この世には幸福もあり不幸もあり、ただ在るものは、一つの状態と他の状態との比較にすぎないということ
たびたび取り上げているアレクサンドル・デュマの『モンテ・クリスト伯』より抜粋。またかと思うだろうが、ネタが尽きているわけではないのでご安心を。
この一節は、物語の最後の最後。モンテ・クリスト伯ならぬエドモン・ダンテスがその激烈な体験を通して得た感懐。その後につづく「待て、しかし希望せよ!」という言葉を、以前本欄で取り上げた。
「陰陽不到の処、一片の好風光」
とは、臨済宗中興の祖師、白隠禅師の言。
陰や陽、苦楽や善悪という相対的な判断を超越したところに絶対的世界があるということ。

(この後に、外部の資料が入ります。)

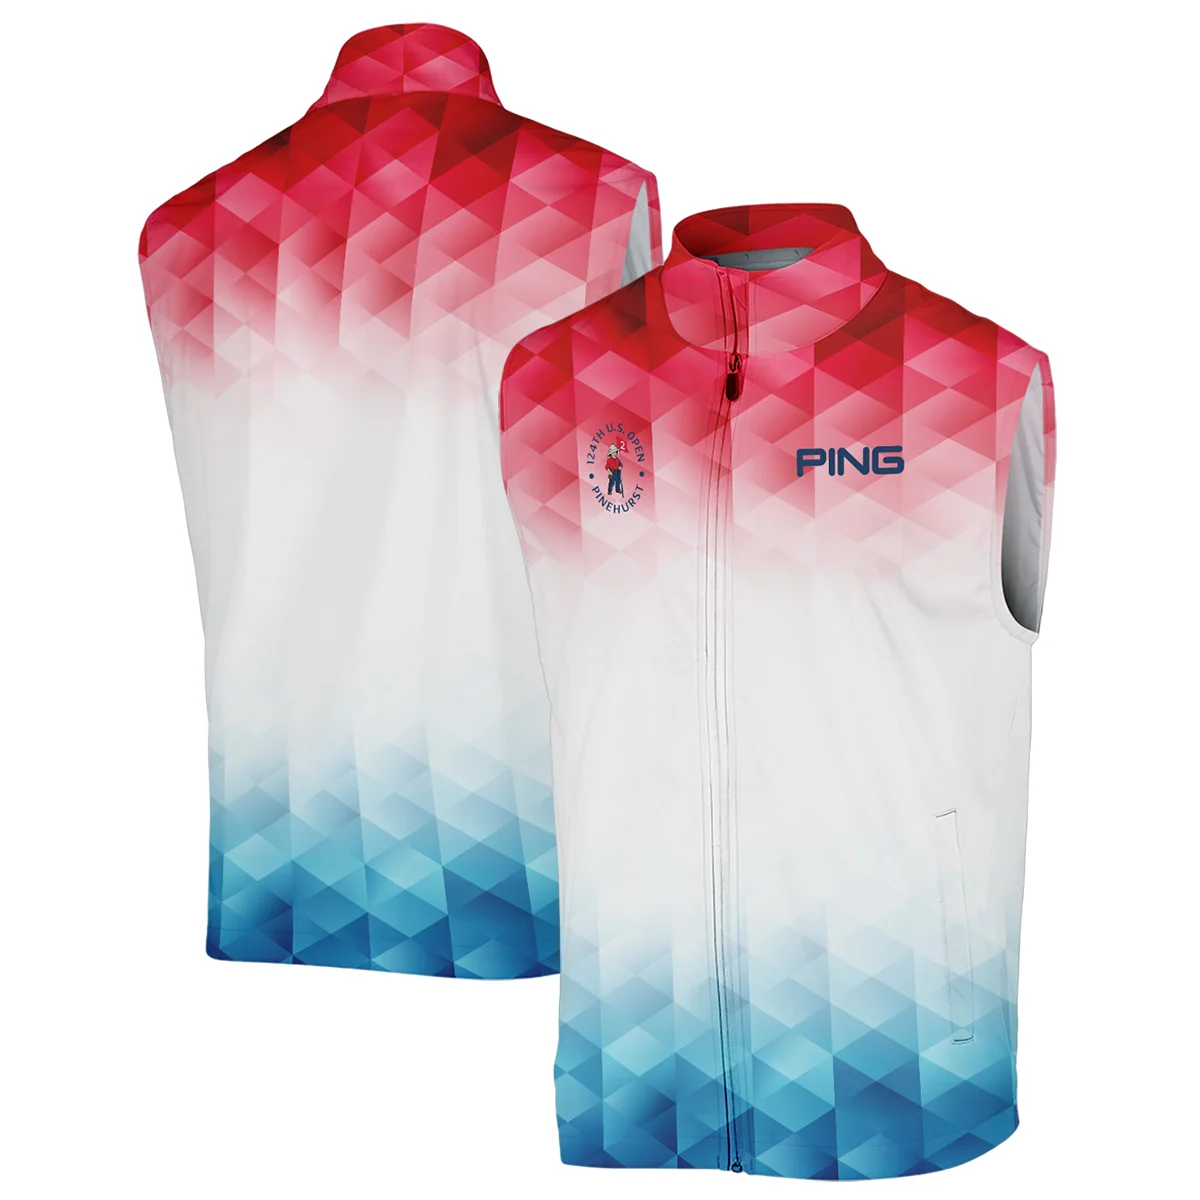 124th U.S. Open Pinehurst Ping Golf Sport Sleeveless Jacket Blue Red Abstract Geometric Triangles All Over Print Sleeveless Jacket

森羅万象をありのままに見ることで、わずかな光や風でさえも、ただただ何の作為もなく輝き、そよいでいることを知る。
光や風は癒やしもすれば苦しめもする。
光は光であって、風は風であるのに。
コップに水が半分入った状態を、「まだこんなにもある」と思うのか「これだけしかない」と思うのかでは全然違う、という話を聞いたことがある人も多いだろう。
捉え方で幸にも不幸にもなるということだ。
現実を見れば、この世界が平等ではないことに気づく。
生まれた場所、生きていく場所、どれひとつとして平等のものはない。
あとはその事実をどう捉えるか。
ただ在るのが、一つの状態と他の状態との比較というのであれば、その状態を自分自身だと考えればいい。
今の自分と以前の自分、というように。
相対する誰かや何かではなく、絶対の自分を今と昔で比べて、良くなっているのか悪くなっているのかを考える。
この世には、幸福もあれば不幸もある。
だからこそ、幸不幸の判断も、自分自身ですればいい。